The conclusions derived from this decision tree and cost-effectiveness analysis should be viewed as our best guess, given the available data. Many of the assumptions included in this model come from evidence of only moderate reliability. For example, the effectiveness data comes from historically controlled case series that could be confounded by changes in stroke patient management other than dysphagia management. There is extensive discussion of the reliability of these data in the main analysis. Nevertheless, taking these historically controlled case series results as crude estimates of the effectiveness of a BSE dysphagia program, and taking the present Medicare reimbursements as the costs, our cost-effectiveness analysis indicates that there would likely be little or no change in the net cost of managing stroke patients in an acute-care setting if a dysphagia program is implemented to reduce aspiration pneumonia. The costs of dysphagia diagnosis and treatment would be approximately balanced by the savings in aspiration pneumonia treatment. Because of limitations in available data, this limited outcome of pneumonia prevention must be taken as representative of the other important patient outcomes of dysphagia-related malnutrition, dehydration, and QOL that we were unable to include in the analysis. Dysphagia diagnosis and therapy costs relating to these have unavoidably been included here in our pneumonia analysis, while the monetary and QOL costs of these conditions and the savings for their prevention have not. Thus, the additional savings (monetary or QOL) from preventing or ameliorating these must be considered in addition to the savings from pneumonia prevention, even though we were unable to calculate this.

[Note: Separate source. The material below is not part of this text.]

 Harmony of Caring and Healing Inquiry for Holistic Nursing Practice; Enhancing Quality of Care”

Our sensitivity and threshold analyses give some idea of how much our cost and effectiveness estimates would have to be changed to invalidate this result. If certain single variables were changed by about 10 percent, then a BSE dysphagia program would begin to increase per-patient costs, unless another variable changed to offset that cost (e.g., if fewer patients were referred for SLP BSE evaluation and therapy). Such a change in this latter variable would in fact be likely if the aspiration pneumonia frequency decreased because the patient population had less severe neurologic disease.

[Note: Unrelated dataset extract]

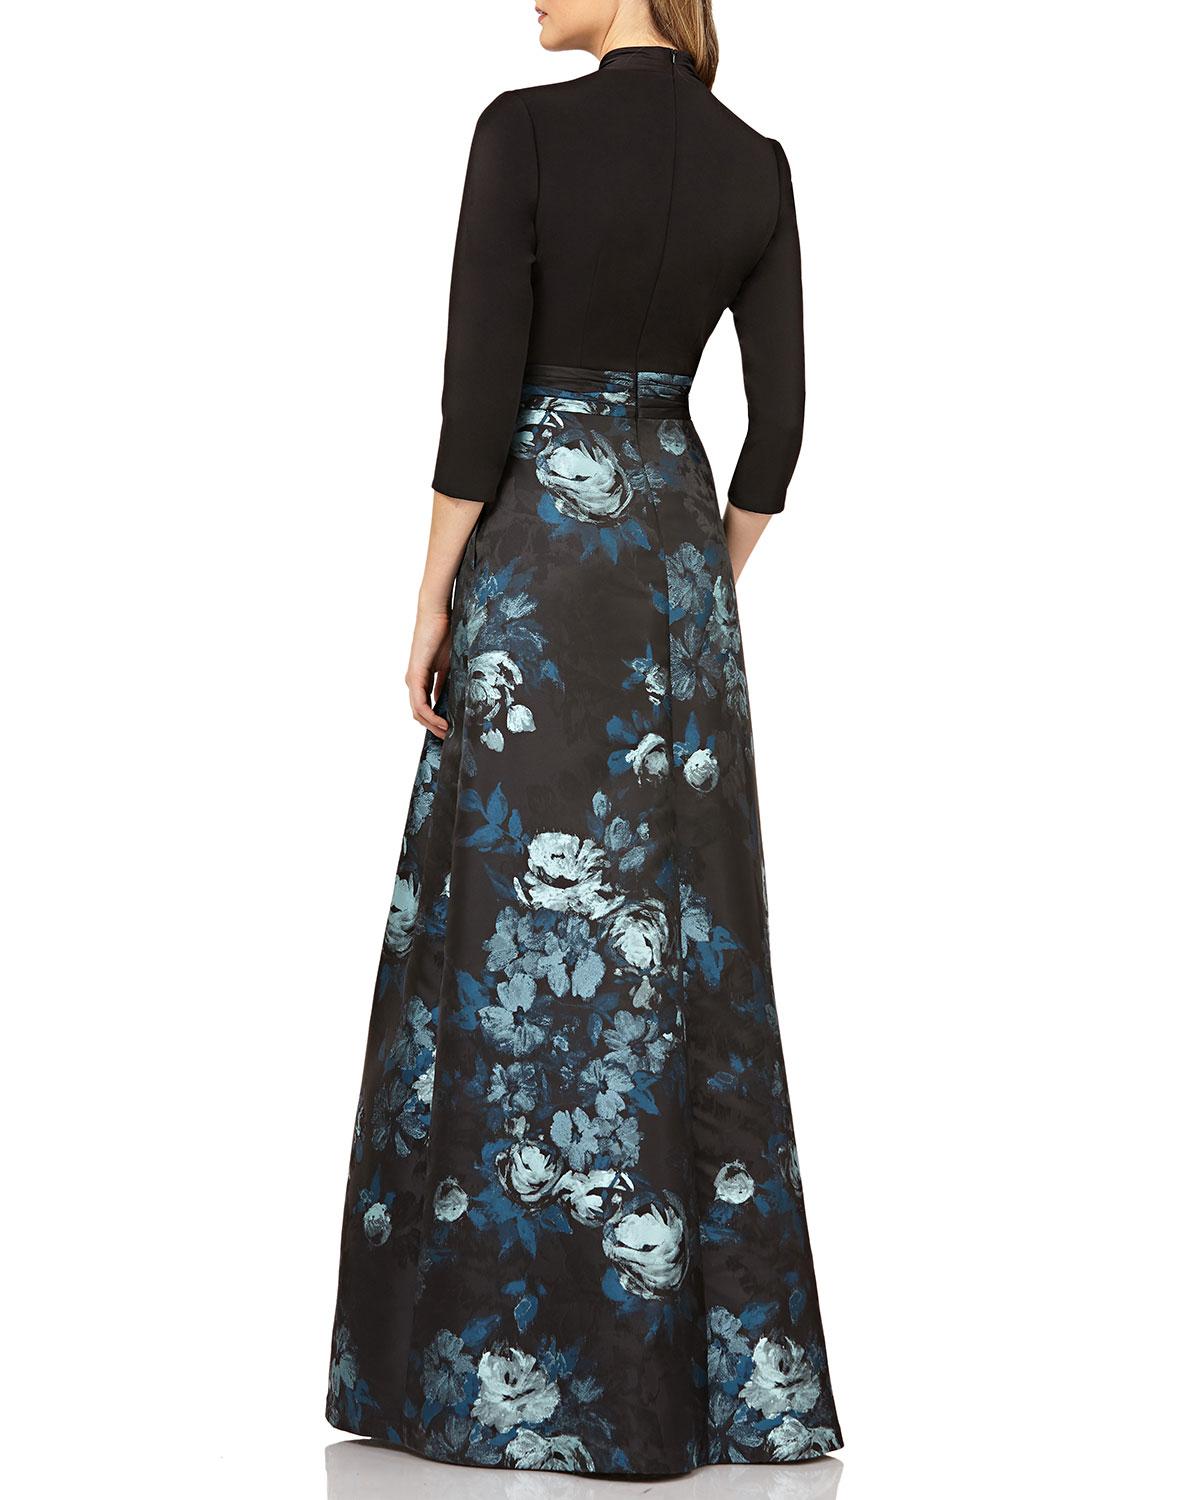 Kay Unger Synthetic Crepe Jumpsuit W/ Floral Skirt Overlay in Black - Lyst

Assuming no improvement in pneumonia prevention, a VFSS dysphagia program would cost more than a BSE program because of the additional expense of the exam. All other variables being equal to the BSE program, a VFSS program would not be dominant over the no-program scenario, but would instead cost an additional $26 per stroke patient, or $380 per case of aspiration pneumonia prevented. However, the VFSS program would only have to improve aspiration pneumonia prevention by 8 percent proportionally over a BSE program to become dominant (less expensive and more effective) over a no-program situation. In light of the expected increase in detection of aspiration by VFSS, such a small improvement in pneumonia prevention is possible. VFSS is preferred by many clinicians, not only because of the improvement in aspiration detection, but also because of the additional information on structural and functional aspects of dysphagia that aid in the planning and management of diet and therapy. Our cost-effectiveness analysis indicates that these additional advantages would be provided by VFSS with little or no increase in costs likely.

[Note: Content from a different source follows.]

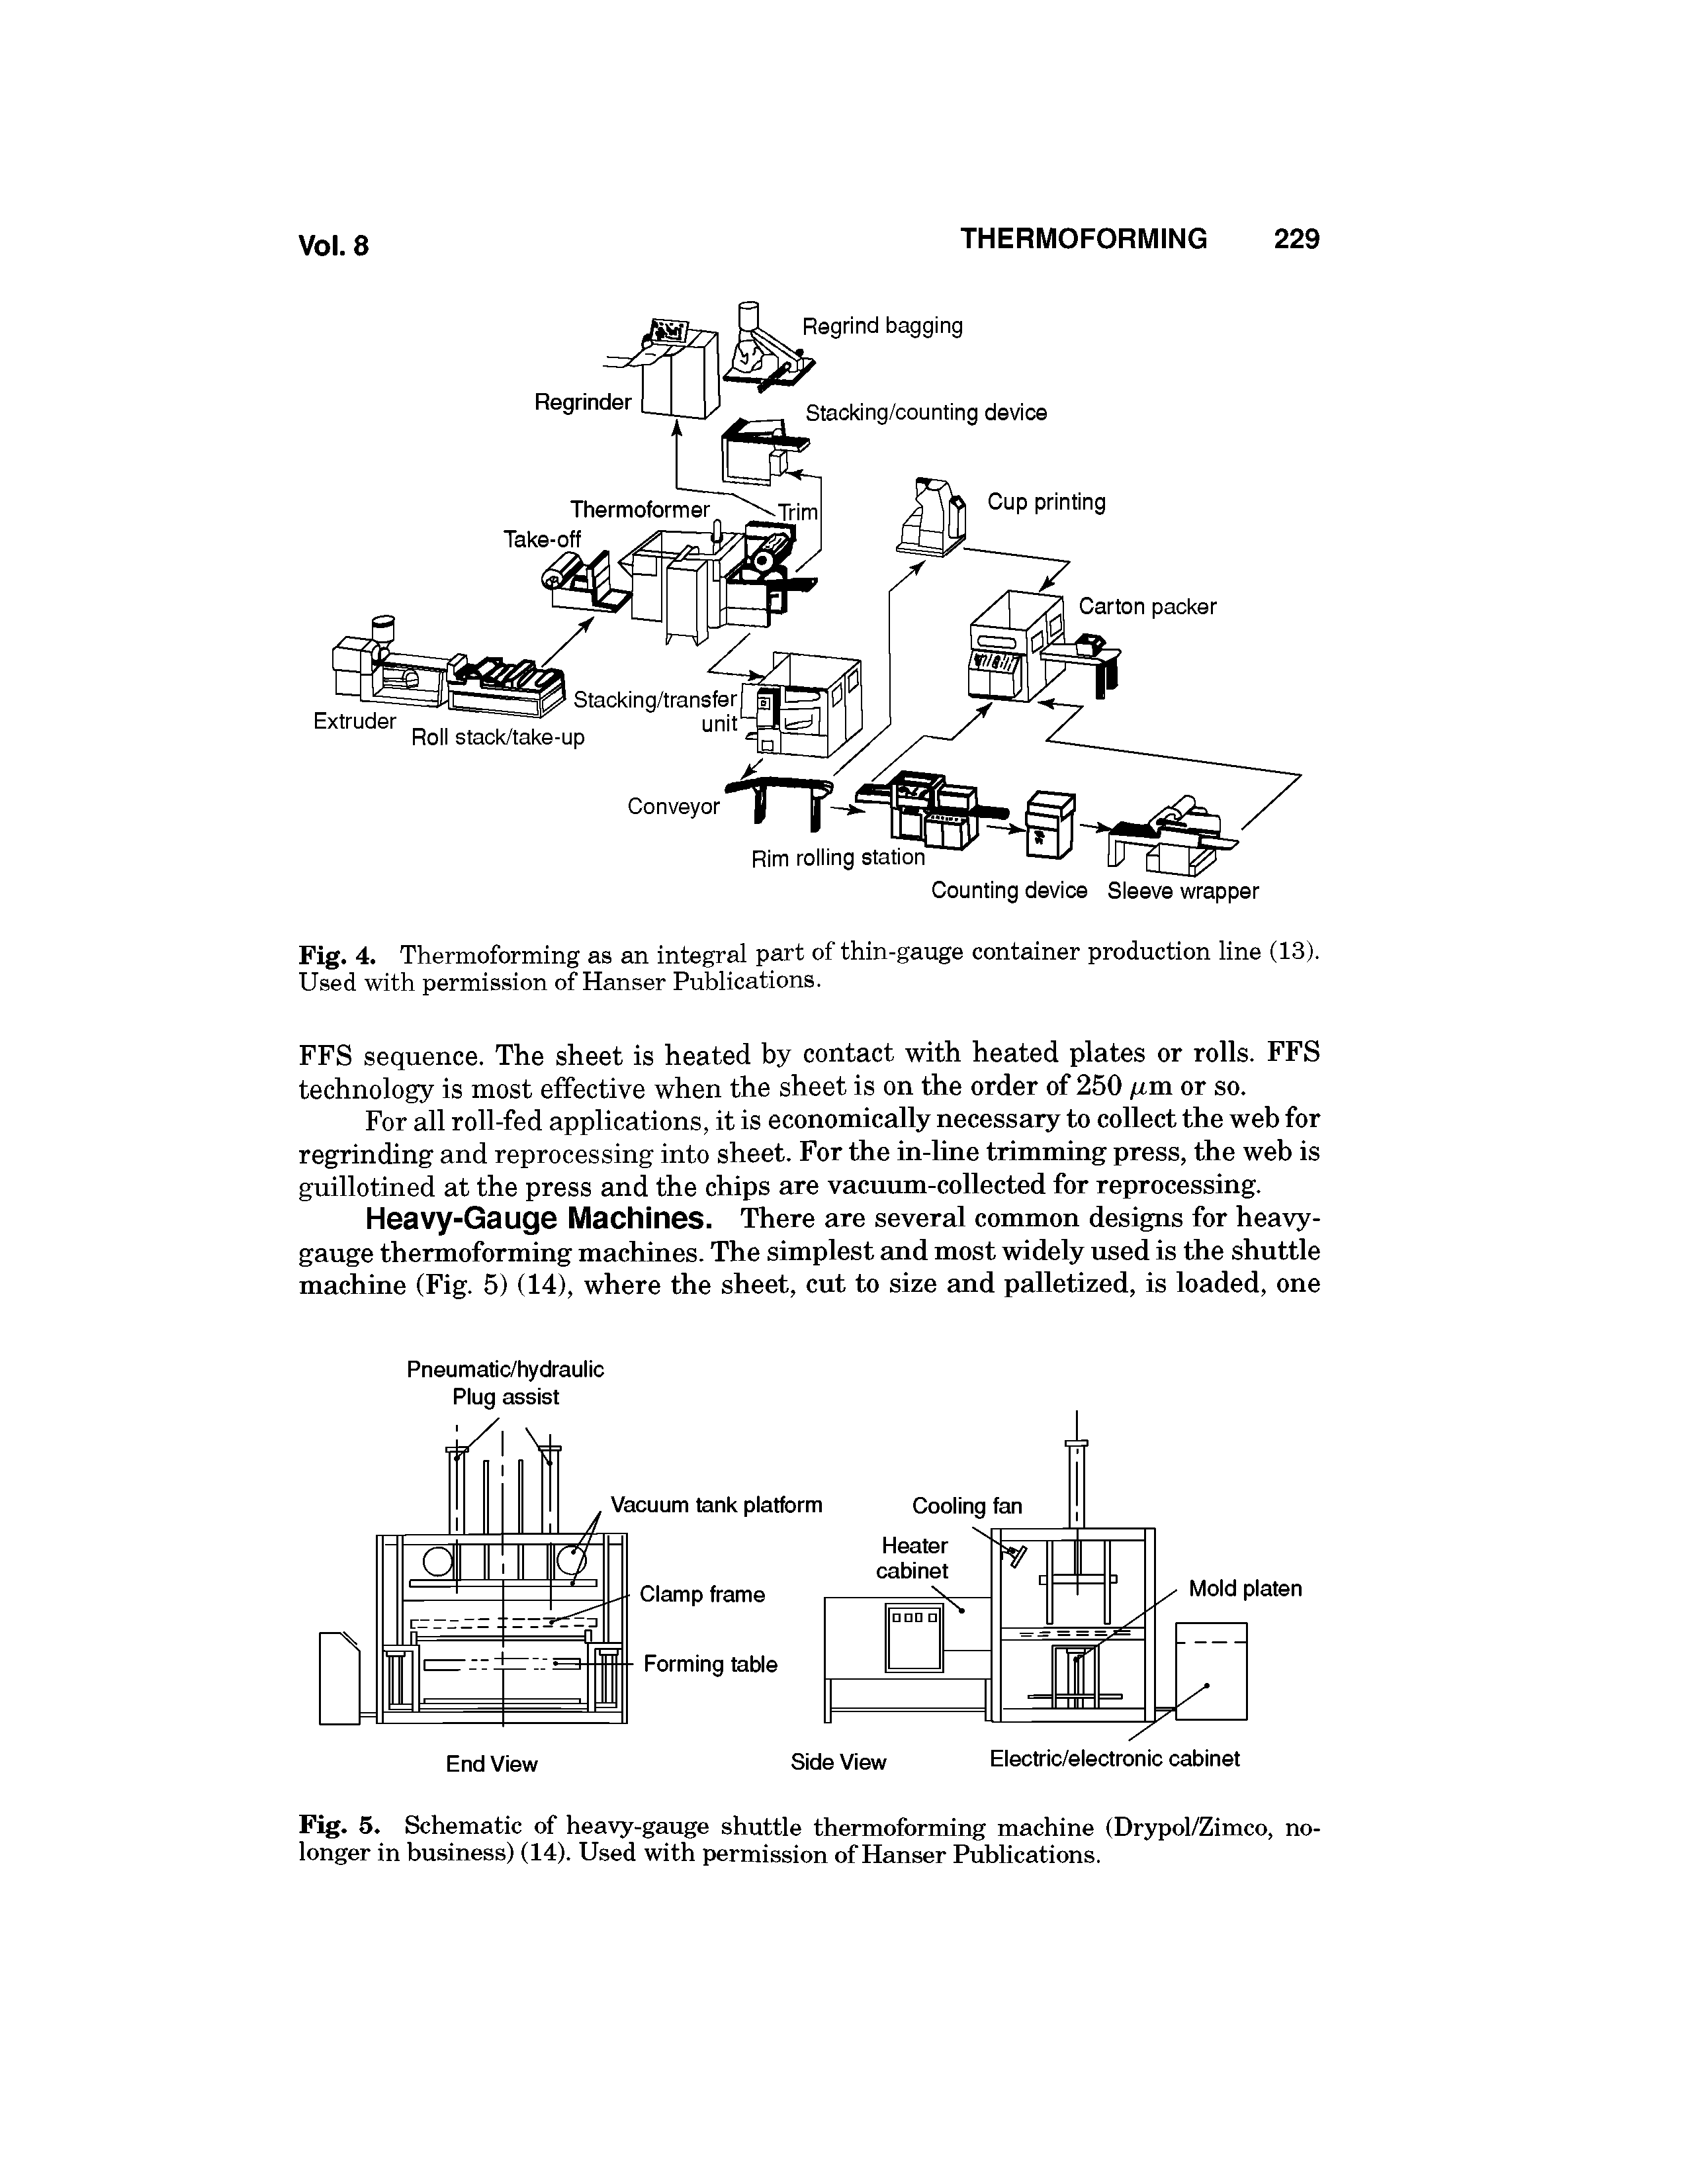 Fig. 5. Schematic of heavy-gauge shuttle thermoforming machine (Drypol/Zimco, no-longer in business) (14). Used with permission of Hanser Publications.

[Supplemental Analysis Tables]

Table S-1. Probabilities and Costs for the No-program Arm

ItemTree variable nameProbability or costSource
Proportion of stroke patients acquiring aspiration pneumoniapAPNoProg0.082N-Weighted mean for Haerer and Smith, 1974; Young and Durant-Jones, 1990; Odderson, Keaton and McKenna, 1995; Barker and Mullooly, 1997
Cost of aspiration pneumonia as comorbidity for stroke patientCostAspPneum$2,1641997 Medicare reimbursement: difference between stroke (DRG17) and stroke with comorbid condition (DRG16)

Table S-2. Probabilities and Costs for the BSE Dysphagia Program Arm

ItemTree variable nameProbability or costSource
Reduction in relative riskRRR0.84 Nilsson, Ekberg, Olsson et al., 1998 evaluable patients; Odderson, Keaton, and McKenna, 1995 2nd year of program; Daniels, Brailey, Priestly et al., 1998: unweighted mean adjusted for 2 week LOS
Proportion of stroke patients who fail preliminary test and are referred to SLP for BSE and therapyPDiag_Treat0.39 Odderson, Keaton, and McKenna, 1995
Cost of SLP BSECostBSE$1411997 Medicare reimbursement
Cost of SLP therapyCostSLPTherapy$2421997 Medicare reimbursement for 15 min. sessions with SLP on 6 days: 6 X $28.96 92526 Oral function therapy+ 0.25X$45.23 15 min. of SLP billable hours
Cost of PEG tube placementCostPEG$4161997 Medicare reimbursement: $339 43246 Place gastrostomy tube + $77 74230 Cinema Xray throat/esophagus
Decrease in proportion of stroke patients who receive a PEG tube, if dysphagia program is implementedEtube0.01 Odderson, Keaton, and McKenna, 1995
Cost of case of aspiration pneumoniaCostAspPneum$2,1641997 Medicare reimbursement -- difference between stroke DRG17 and stroke with comorbid condition DRG16

Table S-3. Results of the Comparison of a No-program Arm with a BSE Program Arm

No-programBSE program
Effectiveness91.8% aspiration pneumonia-free patients98.7% aspiration pneumonia-free patients
Marginal Effectiveness6.9% of stroke patients had aspiration pneumonia prevented
Cost$177 per stroke patient$174 per stroke patient
Marginal Cost$4 per stroke patient
Marginal Cost-effectivenessDominated by BSE program$4 saved per stroke patient, 6.9% of stroke patients had aspiration pneumonia prevented

Table S-4. Results of Sensitivity Analysis - BSE

VariableBase caseLower limit (-25%)Upper limit (+25%)Maximum incremental CE
Base pneumonia risk8.2%6.15%10.25%$647
Risk reduction with swallow program84%63%100% 1 $647
Proportion diagnosed and treated39%29%49%$500
Cost of pneumonia$2,164$1,623$2,705$485
Cost of swallow therapy$242$182$303$290
Cost of BSE$141$106$177$142
Effect of swallow program on need for PEG tube-1%-0.75%-1.25% 2
Cost of PEG tube$416$312$520 2
1 Increased by less than 25%.
2 Dysphagia program dominated no program at all tested values of the variable.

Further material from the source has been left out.